**Supplied information**
+---+

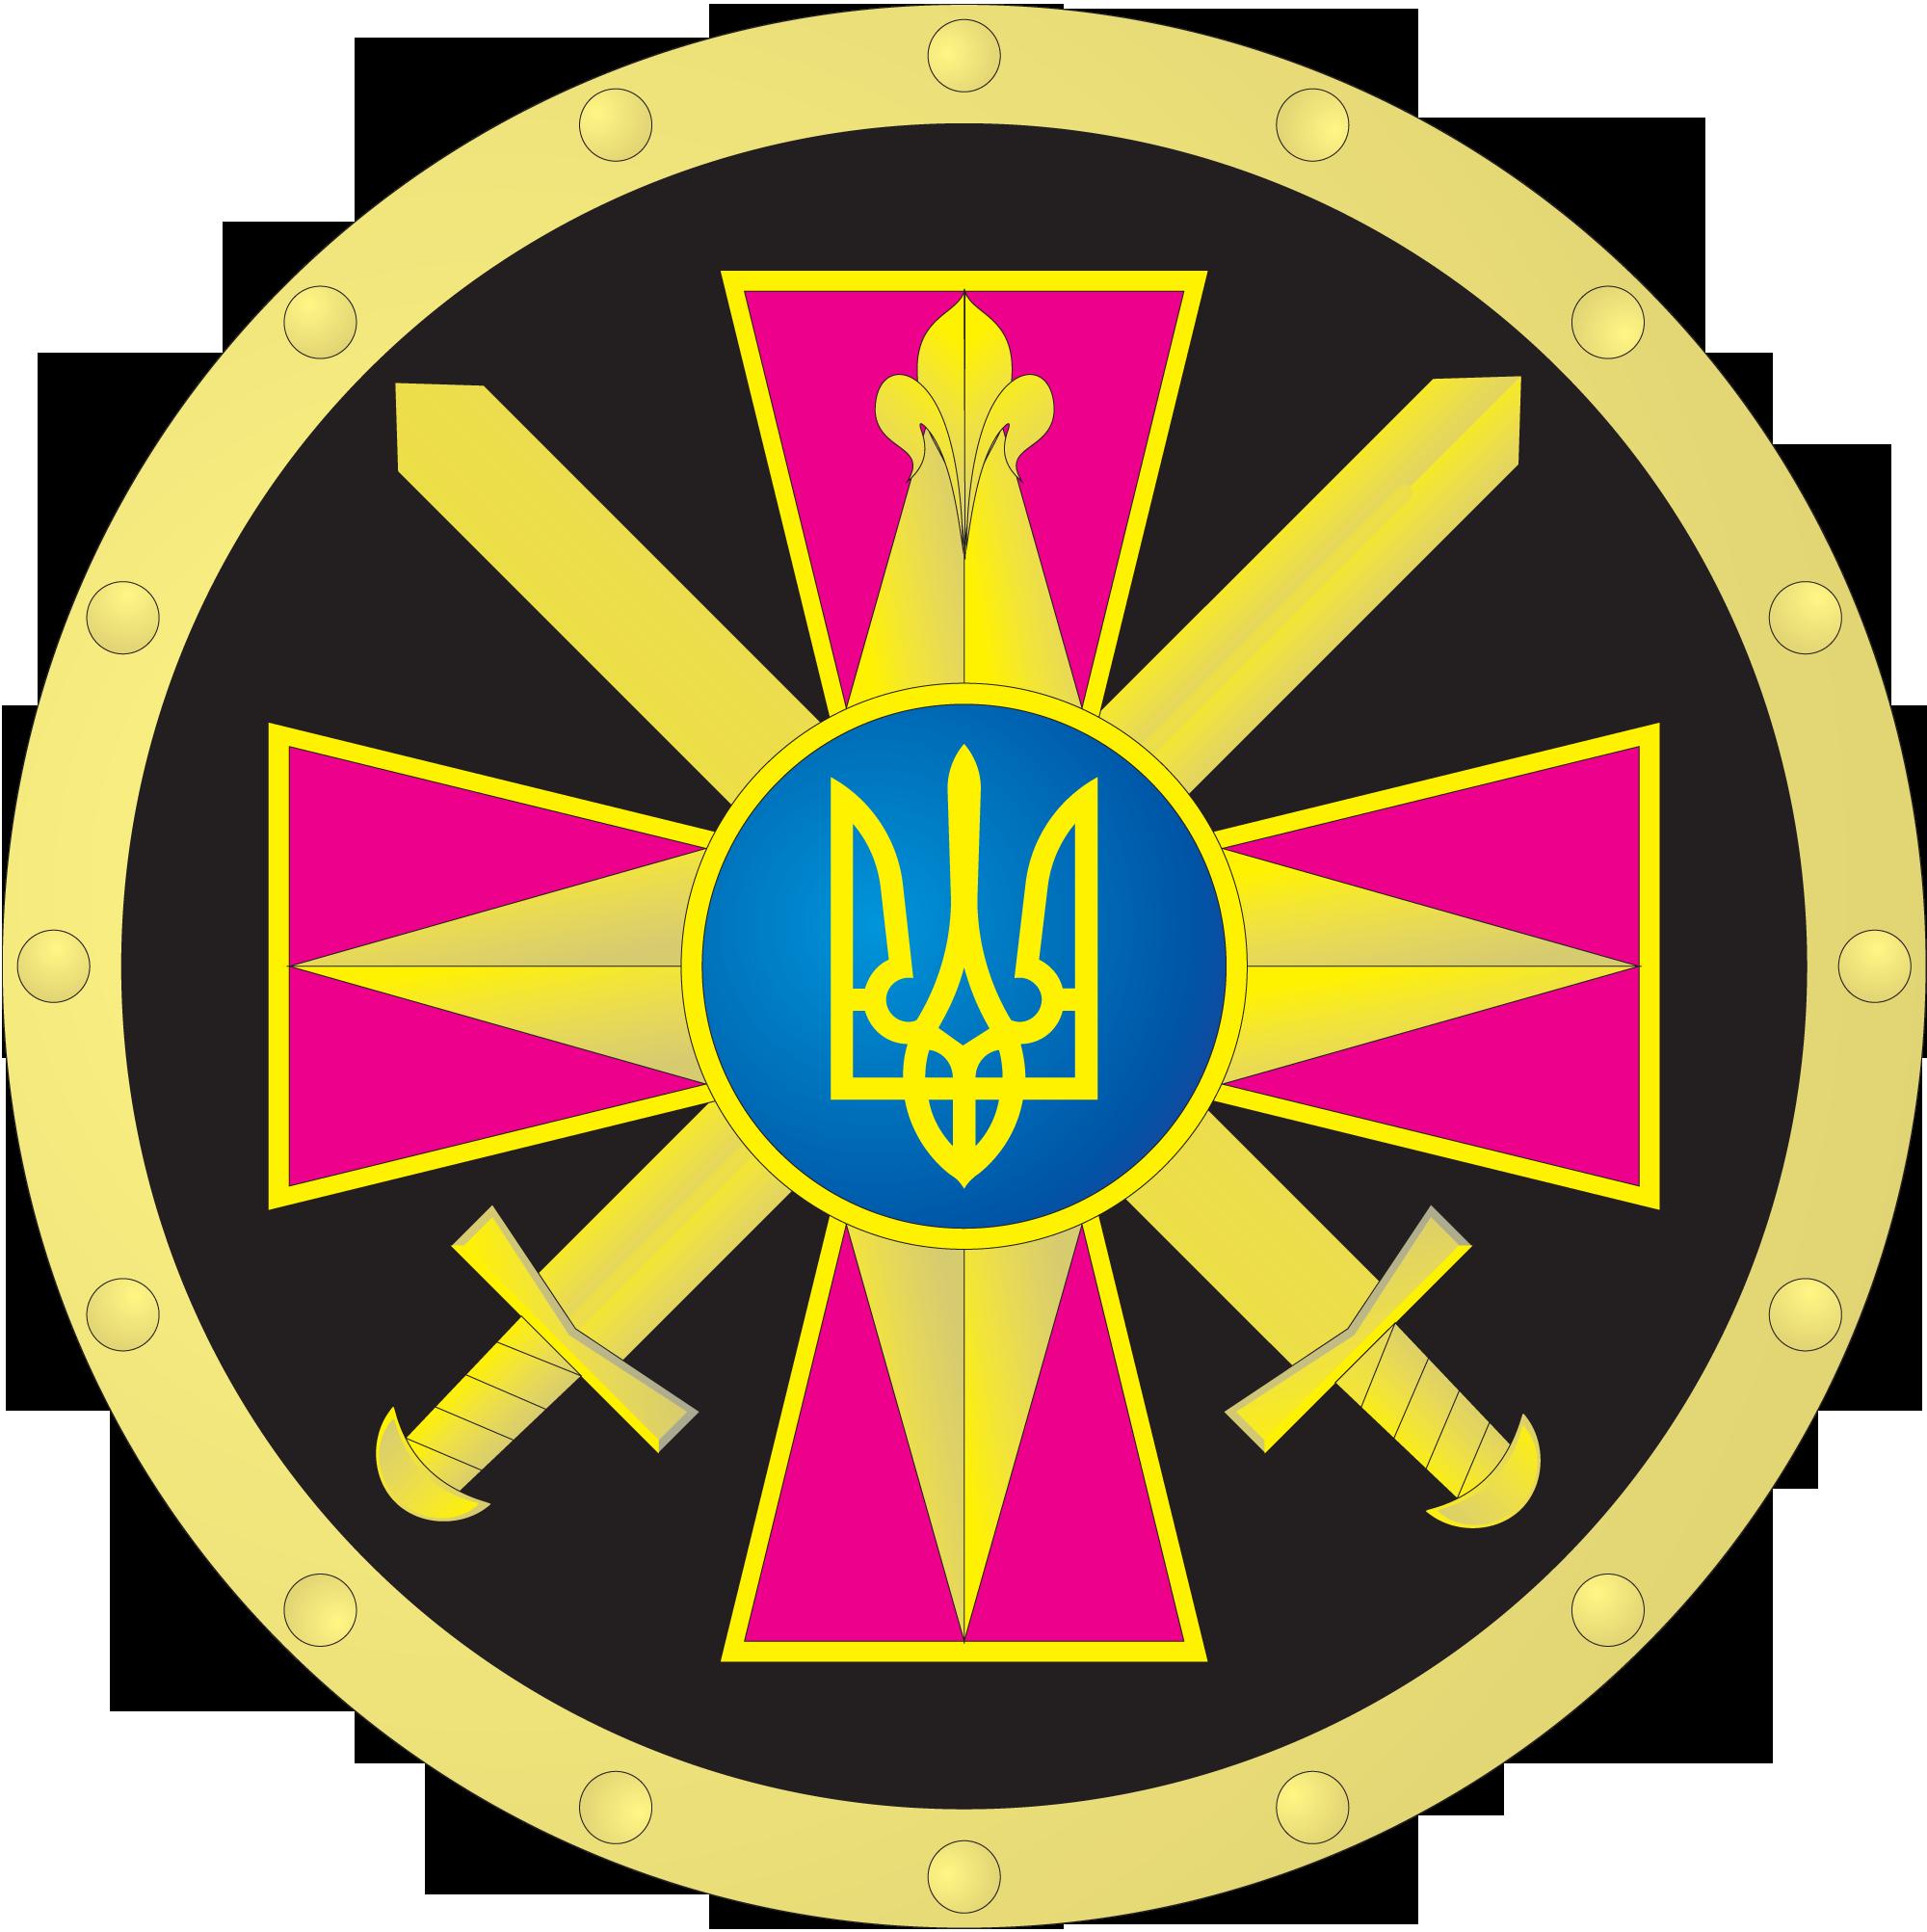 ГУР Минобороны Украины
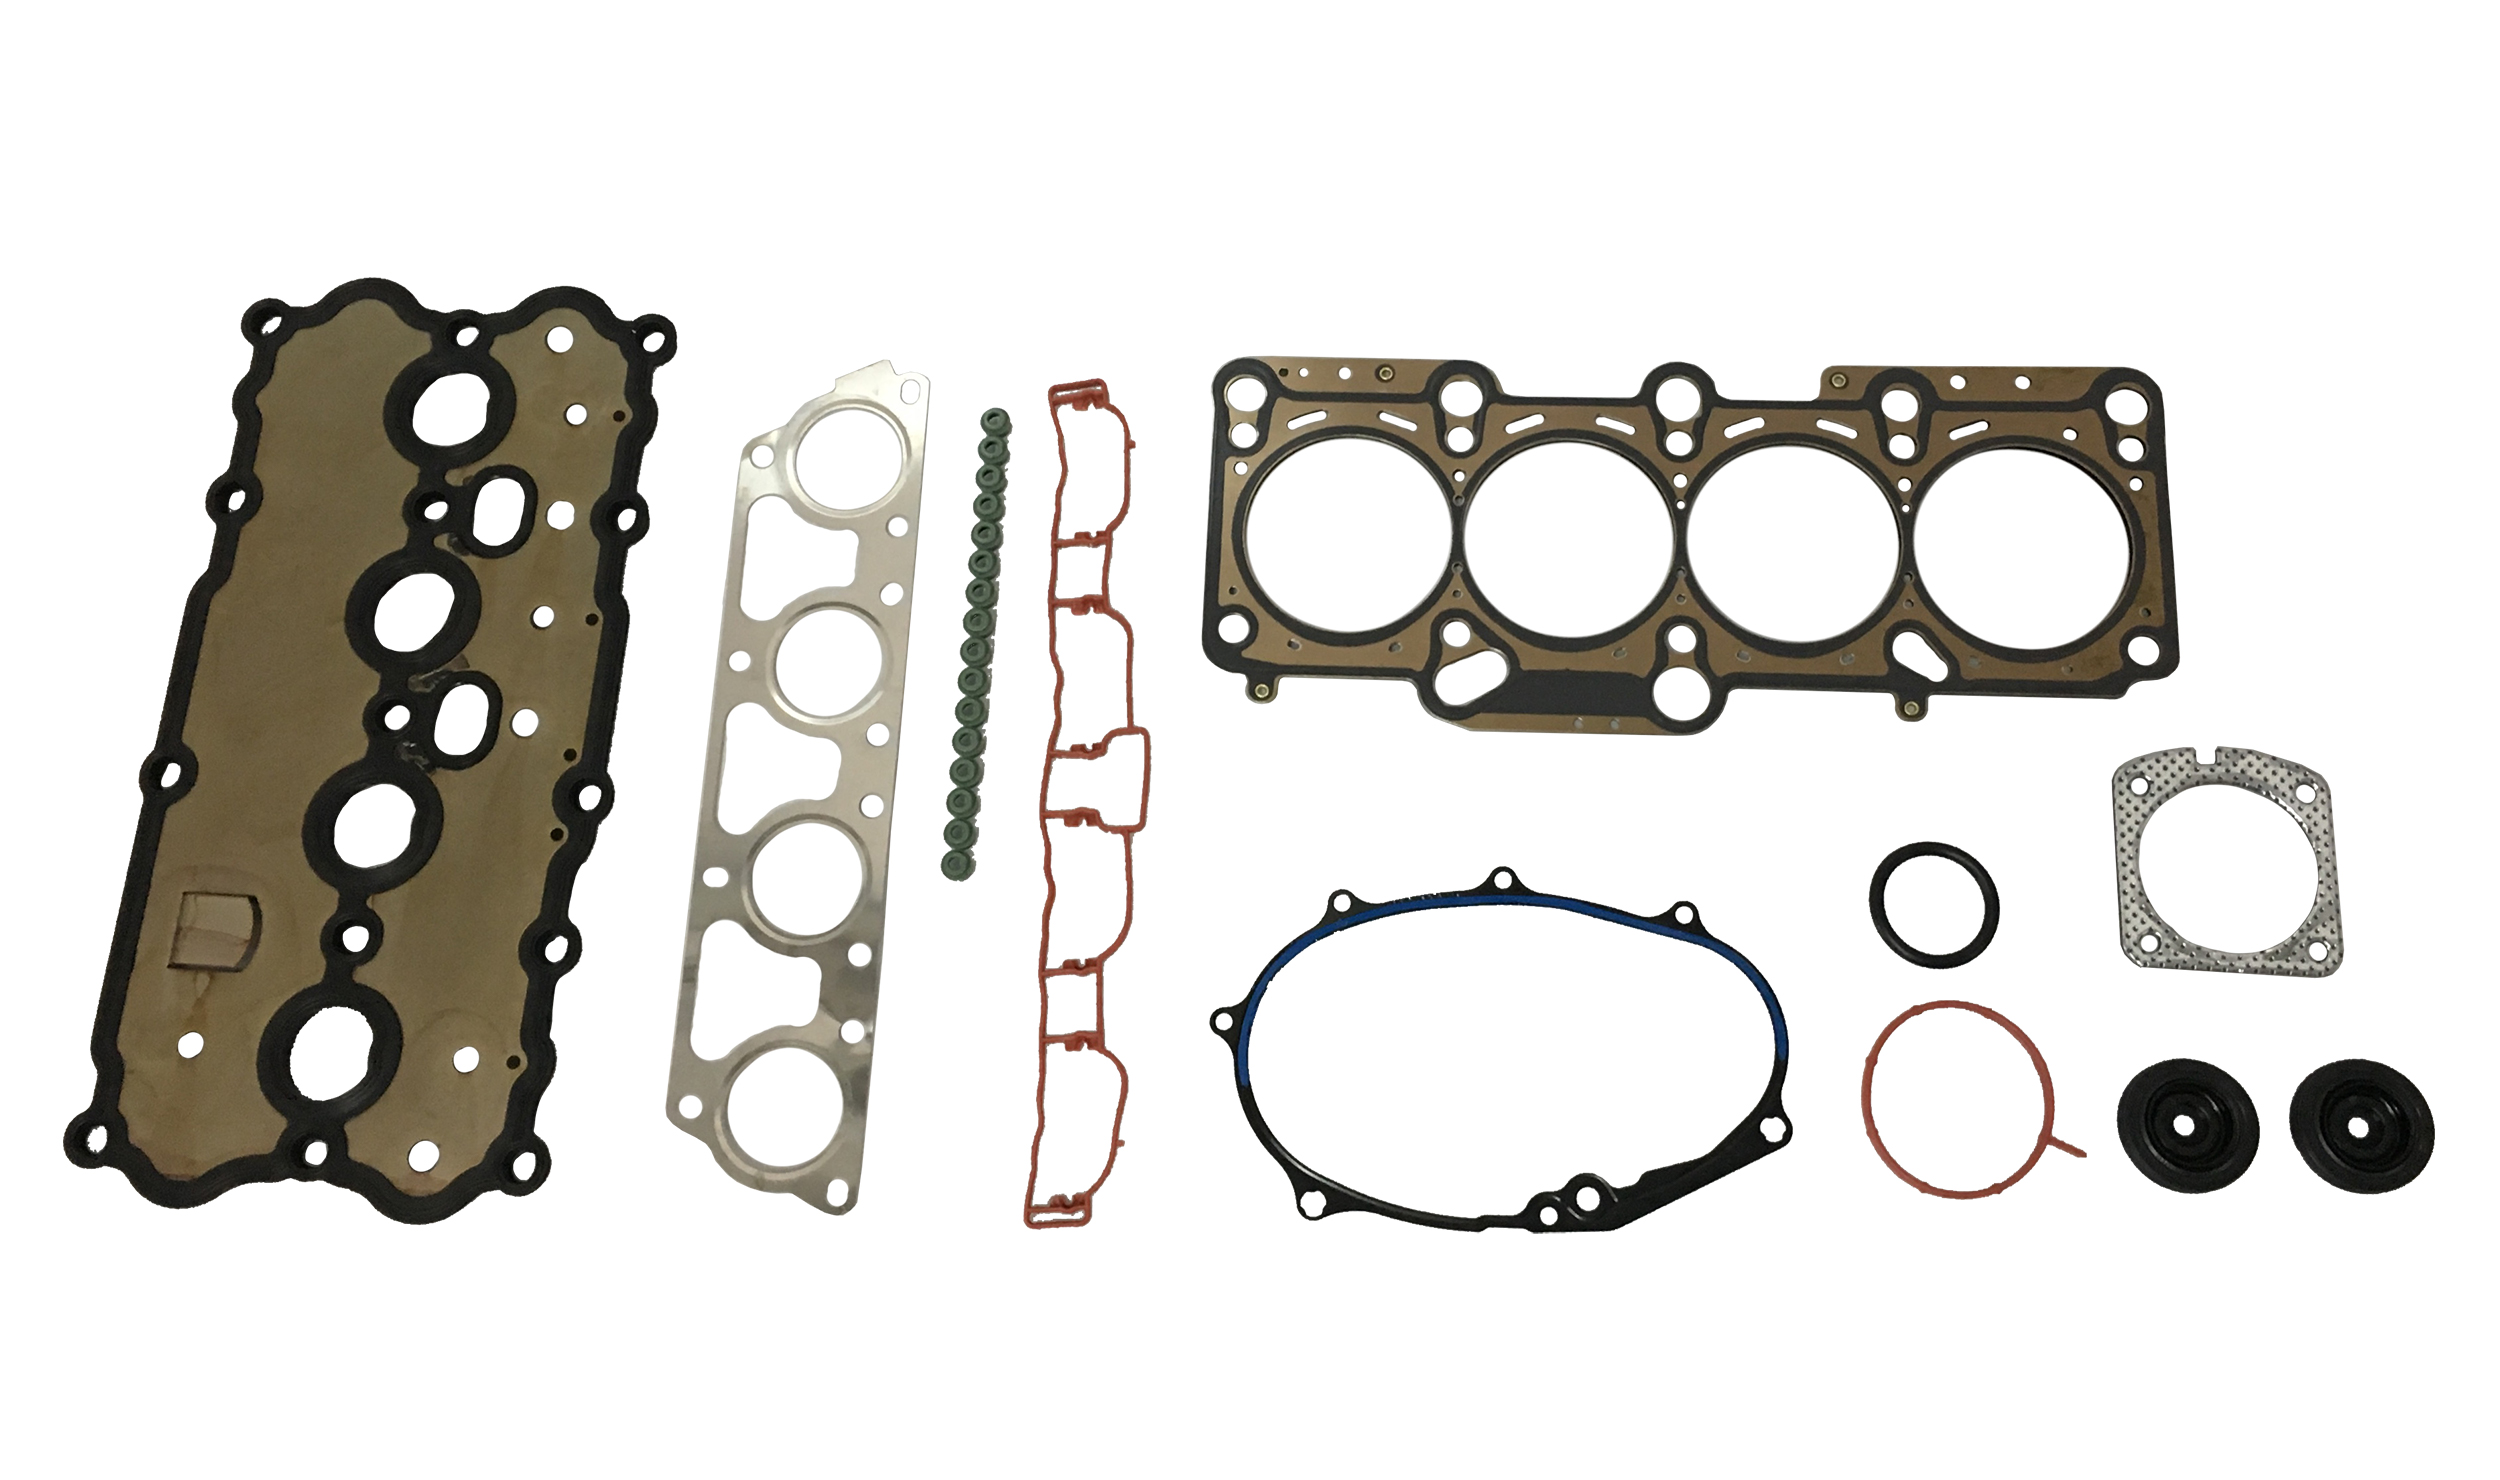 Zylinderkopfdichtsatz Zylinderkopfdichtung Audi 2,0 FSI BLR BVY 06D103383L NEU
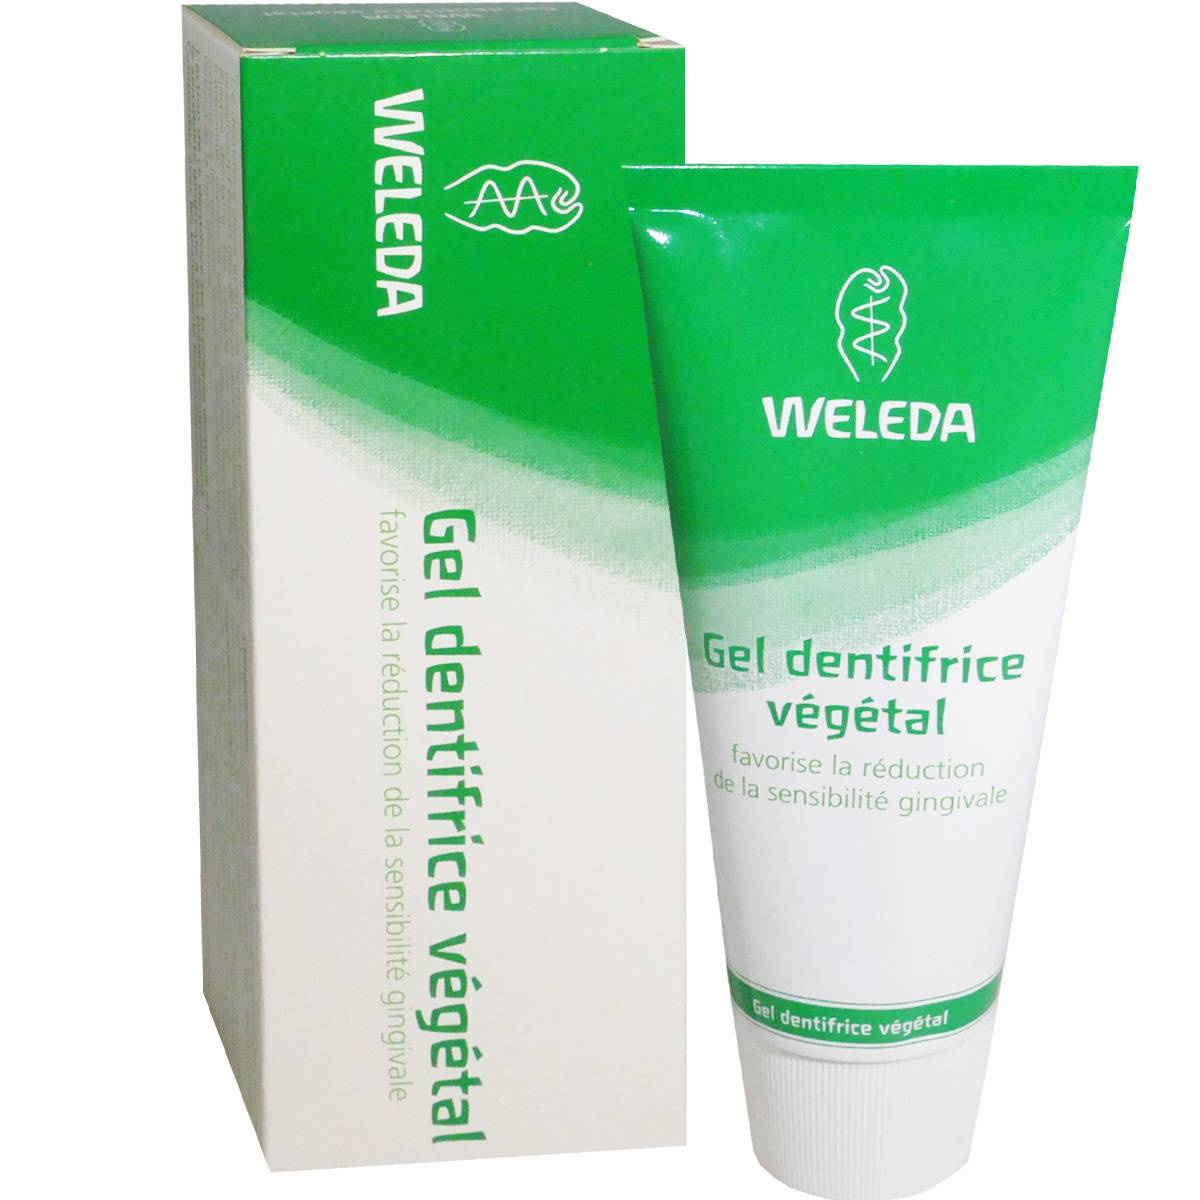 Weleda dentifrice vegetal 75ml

+---+

**Exercise description**
Print the material word for word without images.

**Output**
 ГУР Минобороны Украины
 Zylinderkopfdichtsatz Zylinderkopfdichtung Audi 2,0 FSI BLR BVY 06D103383L NEU
 Weleda dentifrice vegetal 75ml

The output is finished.